By metonymy, the Spaniards called the pampas the native peoples who lived there, especially the het ('old' pampas), the northern Patagonian Tehuelche called Guanaqueen, and the Querandí.
The Pampas region is an extensive plain located to the east of the Argentine Republic, between 31° and 39° south latitude. Within this region it is possible to draw a clear separation between the so-called "Humid Pampa" or "Eastern Pampas" and the "Dry Pampa" or "Pampa Occidental" (Politos 1984). This division would be marked by the 600 mm isohyet. Thus, the Pampa Húmeda subregion is limited to the west by the aforementioned isohyet, while its eastern limits are marked by the Paraná River, the Río de la Plata and the Atlantic Ocean (Figure I.1).
Geomorphology
The Pampas region has a vast and continuous plain. This continuity is only interrupted by two mountain systems in the southeast of the region:
- Sierras de Tandilia: extends from Mar del Plata to the Las Flores stream. The highest height, 524 m. n. m., is located in the hill La Juanita.

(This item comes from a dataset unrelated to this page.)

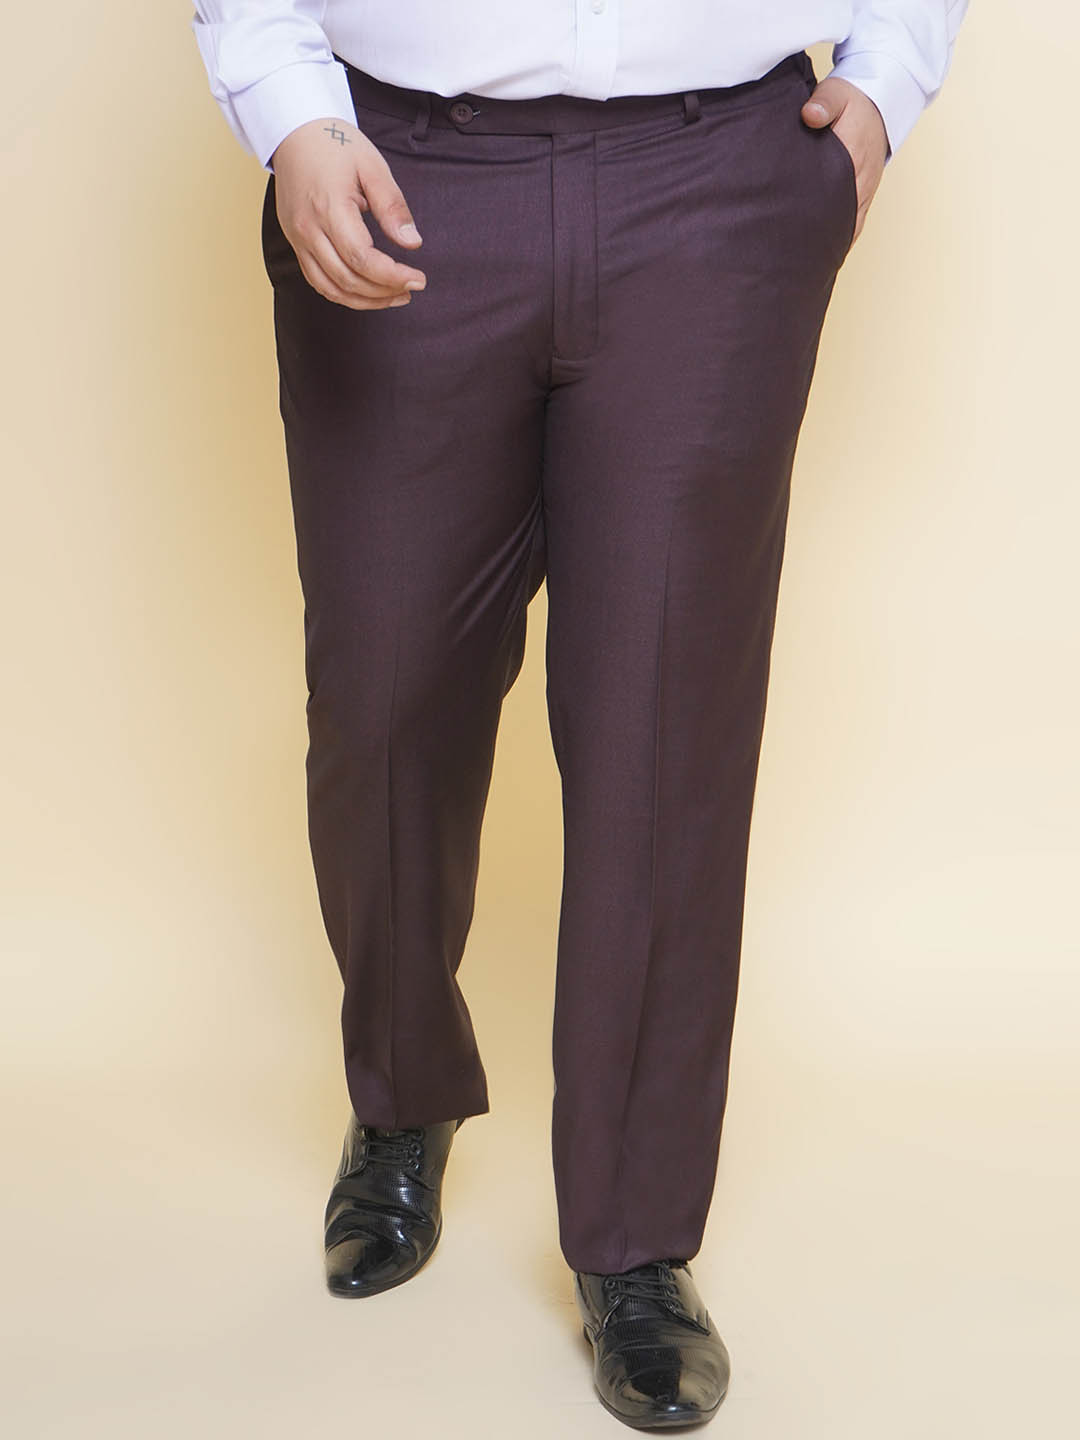 bottomwear/trousers/JPTR22010K/jptr22010k-1.jpg

- Sierras de Ventania: extends from the city of Puan to Indio Rico in the match of Colonel Pringles. Its highest height, 1239 m, is located on Mount Three Picos.
The plain alternates almost completely flat areas with slightly undulating ones. It is based on loess deposits from 300 to 5,000 meters deep that accumulated over about 5 million years, from the beginning of the Pliocene to the Holocene. Crystalline rock lies beneath these deposits and only emerges in mountain systems. mentioned or in the so-called Sierras Pampeanas, in the province of Córdoba, which are outside the region. Throughout the region there are permanent and temporary lagoons of various sizes. Most are due to the poor drainage network associated with the low regional slope and flat topography.
Climate
The climate of this region is a variation of the humid subtropical, also called temperate, characterized by the fact that the hottest season is also the rainiest. It has warm summers and cool and variable winters, with frequent frosts but no snowfall; the average annual temperature is 17 degrees.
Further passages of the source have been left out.